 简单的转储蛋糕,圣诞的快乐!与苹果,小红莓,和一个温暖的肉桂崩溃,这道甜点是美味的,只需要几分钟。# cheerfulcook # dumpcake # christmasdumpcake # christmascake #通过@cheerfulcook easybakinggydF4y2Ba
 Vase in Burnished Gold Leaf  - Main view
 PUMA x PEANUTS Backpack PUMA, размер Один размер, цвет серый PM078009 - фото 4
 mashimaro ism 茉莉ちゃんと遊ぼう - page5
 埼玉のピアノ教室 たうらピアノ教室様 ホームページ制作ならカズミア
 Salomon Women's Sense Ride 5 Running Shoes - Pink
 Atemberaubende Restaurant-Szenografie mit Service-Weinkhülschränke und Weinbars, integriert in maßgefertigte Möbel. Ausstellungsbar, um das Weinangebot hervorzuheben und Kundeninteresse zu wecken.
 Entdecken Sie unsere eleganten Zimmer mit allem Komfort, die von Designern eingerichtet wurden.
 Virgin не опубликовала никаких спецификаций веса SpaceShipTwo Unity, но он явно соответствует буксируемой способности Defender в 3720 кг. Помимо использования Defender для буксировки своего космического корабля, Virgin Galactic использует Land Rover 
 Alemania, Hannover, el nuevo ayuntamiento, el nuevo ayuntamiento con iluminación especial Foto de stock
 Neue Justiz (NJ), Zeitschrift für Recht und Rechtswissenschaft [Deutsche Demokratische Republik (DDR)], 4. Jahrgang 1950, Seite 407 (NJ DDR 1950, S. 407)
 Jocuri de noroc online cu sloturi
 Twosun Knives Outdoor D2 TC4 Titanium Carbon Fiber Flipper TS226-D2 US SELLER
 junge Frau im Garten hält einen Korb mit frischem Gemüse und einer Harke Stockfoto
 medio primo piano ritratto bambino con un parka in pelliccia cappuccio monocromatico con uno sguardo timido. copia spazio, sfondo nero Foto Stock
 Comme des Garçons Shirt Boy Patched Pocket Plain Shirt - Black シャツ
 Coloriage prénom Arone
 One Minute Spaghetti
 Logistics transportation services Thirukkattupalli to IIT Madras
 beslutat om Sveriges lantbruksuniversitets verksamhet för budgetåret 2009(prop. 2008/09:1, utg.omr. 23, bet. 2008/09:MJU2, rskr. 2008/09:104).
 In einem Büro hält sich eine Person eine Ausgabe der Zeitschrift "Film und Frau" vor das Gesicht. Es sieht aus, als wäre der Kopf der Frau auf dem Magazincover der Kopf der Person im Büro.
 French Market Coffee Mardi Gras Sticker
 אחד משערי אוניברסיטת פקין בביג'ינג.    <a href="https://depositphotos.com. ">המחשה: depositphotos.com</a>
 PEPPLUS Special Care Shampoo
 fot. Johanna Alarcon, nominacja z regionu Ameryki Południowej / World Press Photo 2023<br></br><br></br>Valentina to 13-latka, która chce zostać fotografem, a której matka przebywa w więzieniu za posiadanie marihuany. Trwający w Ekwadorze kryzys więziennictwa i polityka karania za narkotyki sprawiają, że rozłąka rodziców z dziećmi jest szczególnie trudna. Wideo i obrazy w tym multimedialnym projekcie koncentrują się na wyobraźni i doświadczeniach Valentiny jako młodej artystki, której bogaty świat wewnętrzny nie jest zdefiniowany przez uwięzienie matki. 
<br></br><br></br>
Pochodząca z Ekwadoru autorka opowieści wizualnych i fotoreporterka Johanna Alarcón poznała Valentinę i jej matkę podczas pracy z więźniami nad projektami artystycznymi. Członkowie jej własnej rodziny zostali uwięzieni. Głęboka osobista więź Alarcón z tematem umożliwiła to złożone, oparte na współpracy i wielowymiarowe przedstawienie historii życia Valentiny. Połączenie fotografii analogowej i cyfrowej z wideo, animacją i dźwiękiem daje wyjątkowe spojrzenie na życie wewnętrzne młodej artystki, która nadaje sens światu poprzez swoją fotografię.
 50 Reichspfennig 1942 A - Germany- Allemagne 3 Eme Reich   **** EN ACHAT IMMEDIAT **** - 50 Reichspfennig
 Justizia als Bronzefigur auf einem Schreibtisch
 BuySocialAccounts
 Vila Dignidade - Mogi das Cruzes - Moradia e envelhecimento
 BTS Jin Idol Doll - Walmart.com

■ PROBLEM
Reproduce the entries above exactly, but only the lines between the line holding "Salomon Women's Sense" and the line holding "medio primo piano", inclusive.

■ TASK RESULT
 Salomon Women's Sense Ride 5 Running Shoes - Pink
 Atemberaubende Restaurant-Szenografie mit Service-Weinkhülschränke und Weinbars, integriert in maßgefertigte Möbel. Ausstellungsbar, um das Weinangebot hervorzuheben und Kundeninteresse zu wecken.
 Entdecken Sie unsere eleganten Zimmer mit allem Komfort, die von Designern eingerichtet wurden.
 Virgin не опубликовала никаких спецификаций веса SpaceShipTwo Unity, но он явно соответствует буксируемой способности Defender в 3720 кг. Помимо использования Defender для буксировки своего космического корабля, Virgin Galactic использует Land Rover 
 Alemania, Hannover, el nuevo ayuntamiento, el nuevo ayuntamiento con iluminación especial Foto de stock
 Neue Justiz (NJ), Zeitschrift für Recht und Rechtswissenschaft [Deutsche Demokratische Republik (DDR)], 4. Jahrgang 1950, Seite 407 (NJ DDR 1950, S. 407)
 Jocuri de noroc online cu sloturi
 Twosun Knives Outdoor D2 TC4 Titanium Carbon Fiber Flipper TS226-D2 US SELLER
 junge Frau im Garten hält einen Korb mit frischem Gemüse und einer Harke Stockfoto
 medio primo piano ritratto bambino con un parka in pelliccia cappuccio monocromatico con uno sguardo timido. copia spazio, sfondo nero Foto Stock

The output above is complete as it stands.